Of course, the nostalgists by far outnumber all the categories described above. These are people who long for the past to an extent that they relive it every day. Sometimes they miss the ostensible stability that life under Communism entailed. They miss their steady jobs, they will start proving how many pieces of bread and how many buckets of yoghurt they could buy with their 1970s salaries, they miss the student working holidays in the Soviet Union, they miss the pretty Russian girls at what used to be the Georgi Dimitrov International Youth Centre at Primorsko. The food and toilet paper shortages are rarely mentioned. Neither are the inability to travel abroad, to settle in Sofia if you were not born here, the compulsory army service and the omnipenetrating secret police. Syria as well as Libya, Algeria and so on, were friends in those days. The Soviet Union supported the Asads (Russia continues in this line now), and one of the few places in the world where Bulgarians could legally work and get paid in hard currency was in fact Syria. The former Bulgarian doctors and engineers in Syria probably do have good memories of their young days there.

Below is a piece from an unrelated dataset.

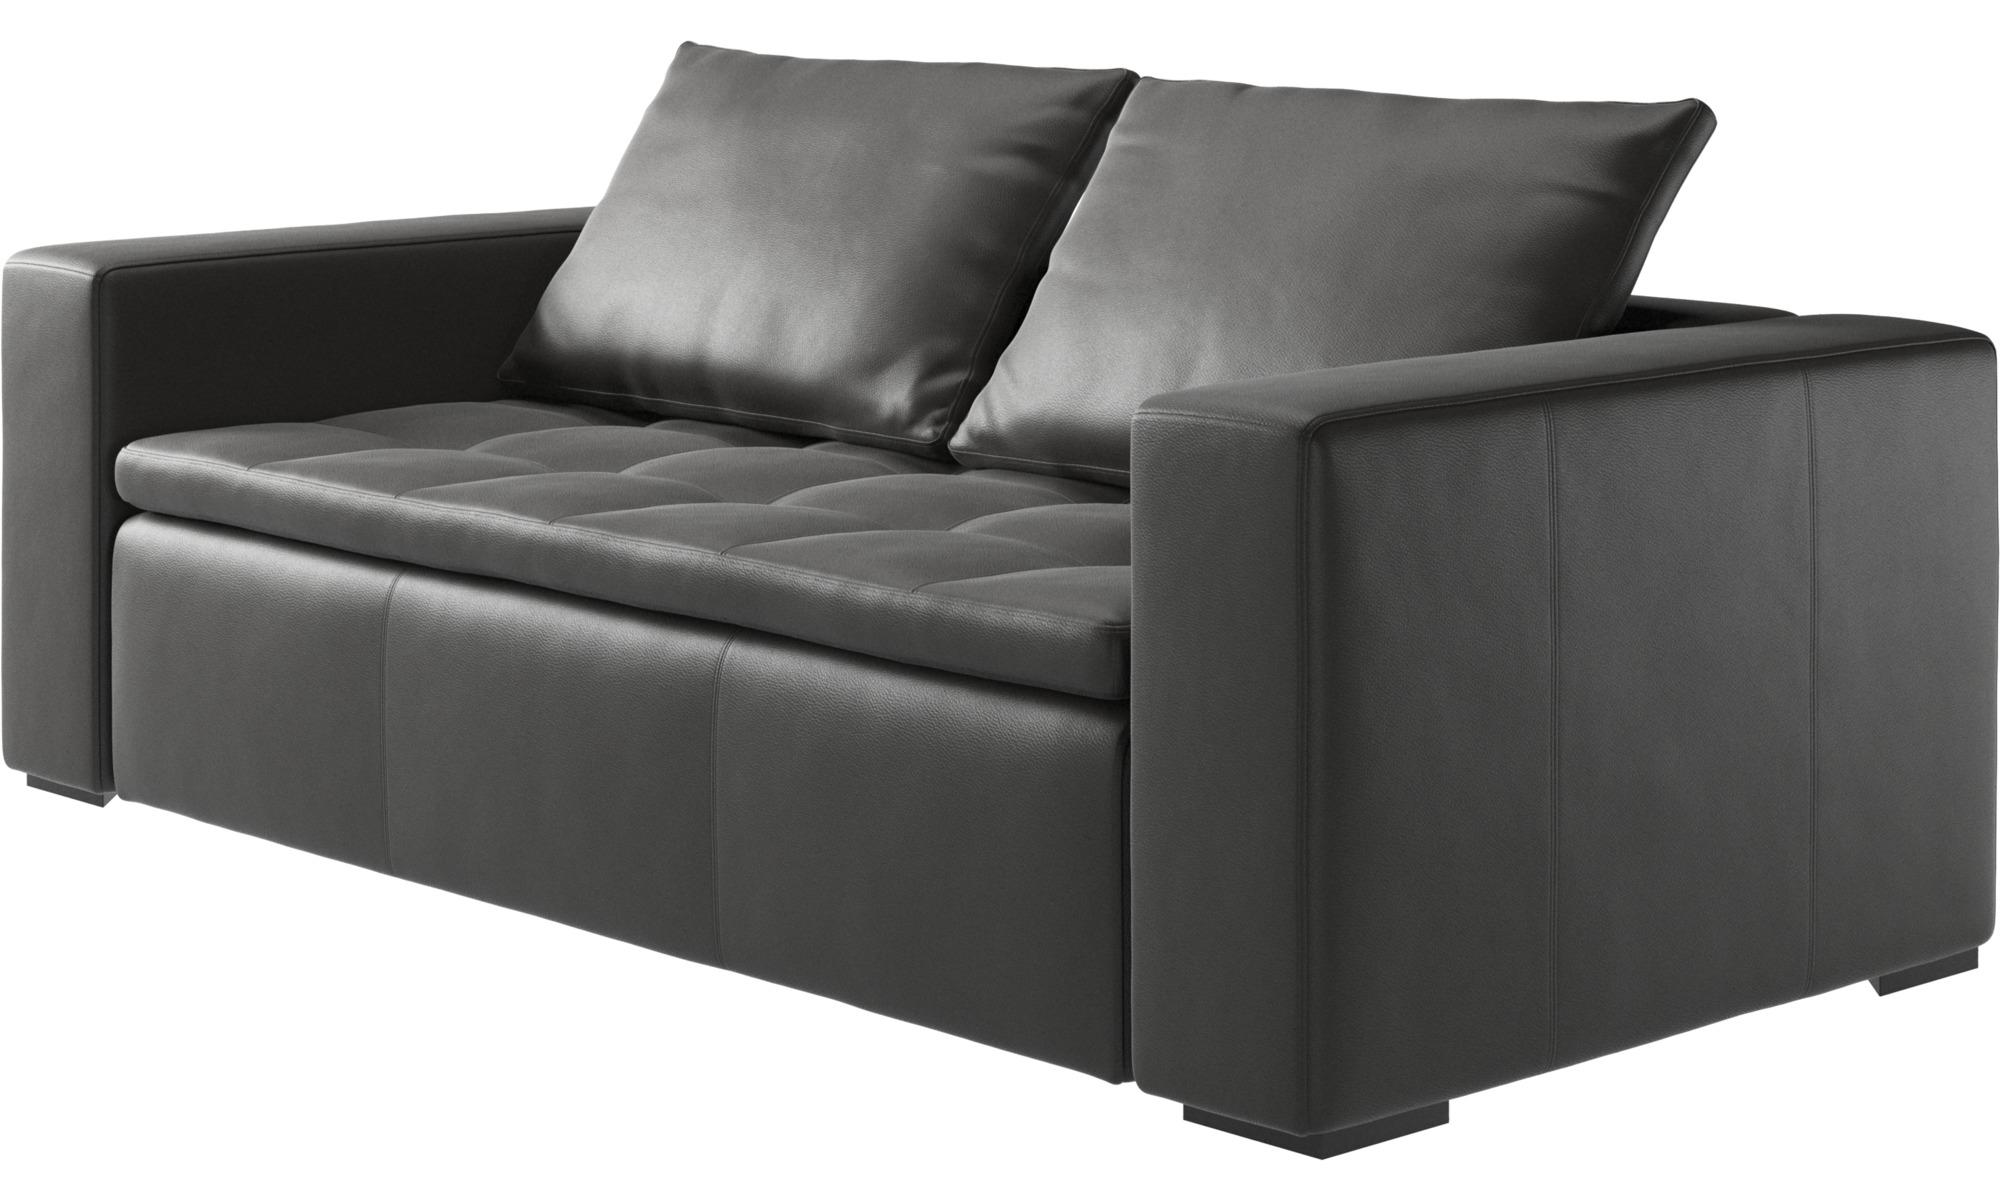 Full Size of Sofa Grau Leder 3er Big Ikea Ledersofas Schillig Lederoptik Chesterfield Joop Musterring Garnitur 3 Teilig Schlaffunktion Günstig Kaufen Stoff Bunt Hocker U Sofa Sofa Grau Leder

Bulgaria (and the rest of the Balkans) is well-known for their penchant for conspiracy theories. But the sheer scope of the pro-Russian and anti-Western sentiments in the summer of 2015 suggests that this is not yet another set of conspiracy theories. It is pure stupidity manifested by people who so uncritically fall in for Putin's propaganda. Obviously, the ongoing hybrid war should be taken very seriously in a place like Bulgaria.